I am writing code in an imperative way that makes logical sense to humans, the synthesiser will take care of optimising it down to the minimum logic required. This technique is a good thing, but only if you understand what the resulting logic will look like.

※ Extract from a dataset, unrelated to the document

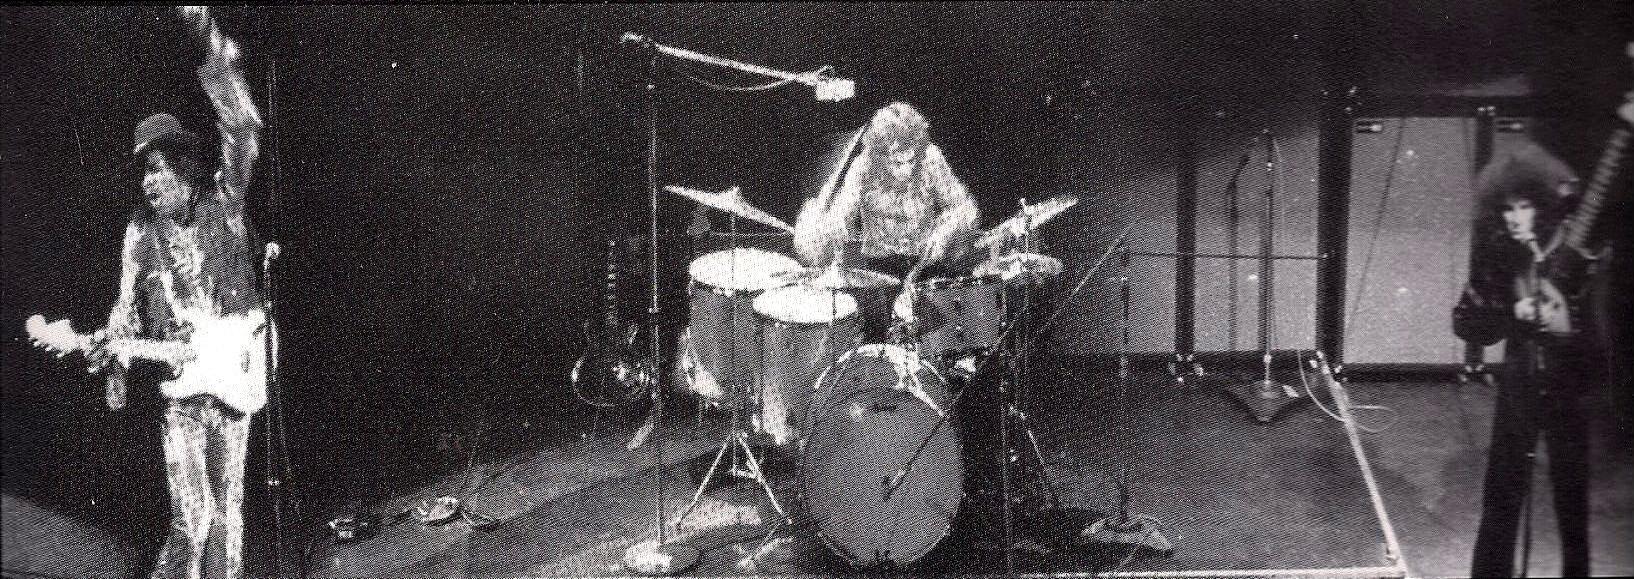 New York (Fillmore East) : 10 mai 1968 [Second concert] 493250scanjpg80099

Normalize result and pack into output format:
  if overflow_man(24) = '1' then
    -- If the output requires a higher exponent to be normalised
    -- The only possible case is a single bit overflow
    return sign & STD_LOGIC_VECTOR(UNSIGNED(a_exp) + 1) & overflow_man(23 downto 1);
  elsif overflow_man(23) = '0' then
    -- If the output requires a lower exponent to be normalised
    for I in 22 downto 0 loop
      if overflow_man(I) = '1' then
        return sign
        & STD_LOGIC_VECTOR(UNSIGNED(a_exp) - (23 - I))
        & overflow_man((I - 1) downto 0) & fill('0', 23 - I);
      end if;
    end loop;
    -- If overflow mantissa does not contain a '1', output 0
    return ZERO;
  else
    -- Simple case where the output is already normalised
    return my_float(sign & a_exp & overflow_man(22 downto 0));
    -- for some reason xsim does not like the return type, thus the cast
  end if;
end function safe_add;

Similarly to above: for loops aren’t usually a good idea, but here I am simply describing to the synthesiser what I want the output to be and it will create the necessary logic to achieve that. In this case, it boils down to a deep chain of LUTs (not great, but not terrible). It is important to remember that I am not describing an iterative process, though the code would work as one.

Top level addition function:
function "+" (a, b : my_float) return my_float is
  variable a_exp     : STD_LOGIC_VECTOR(7 downto 0) := a(30 downto 23);
  variable b_exp     : STD_LOGIC_VECTOR(7 downto 0) := b(30 downto 23);
begin

  -- Handle +-infinity and +-NaN
  if a_exp = fill('1', 8) then
    return a;
  end if;
  if b_exp = fill('1', 8) then
    return b;
  end if;

  -- Always use the biggest exponent to prevent losing the most significant data.
  if UNSIGNED(a_exp) < UNSIGNED(b_exp) then
    return safe_add(b, a);
  end if;

  return safe_add(a, b);
end function "+";

This is a wrapper function that handles infinite and NaN inputs, and ensures that the larger exponent is always used as the base for the addition.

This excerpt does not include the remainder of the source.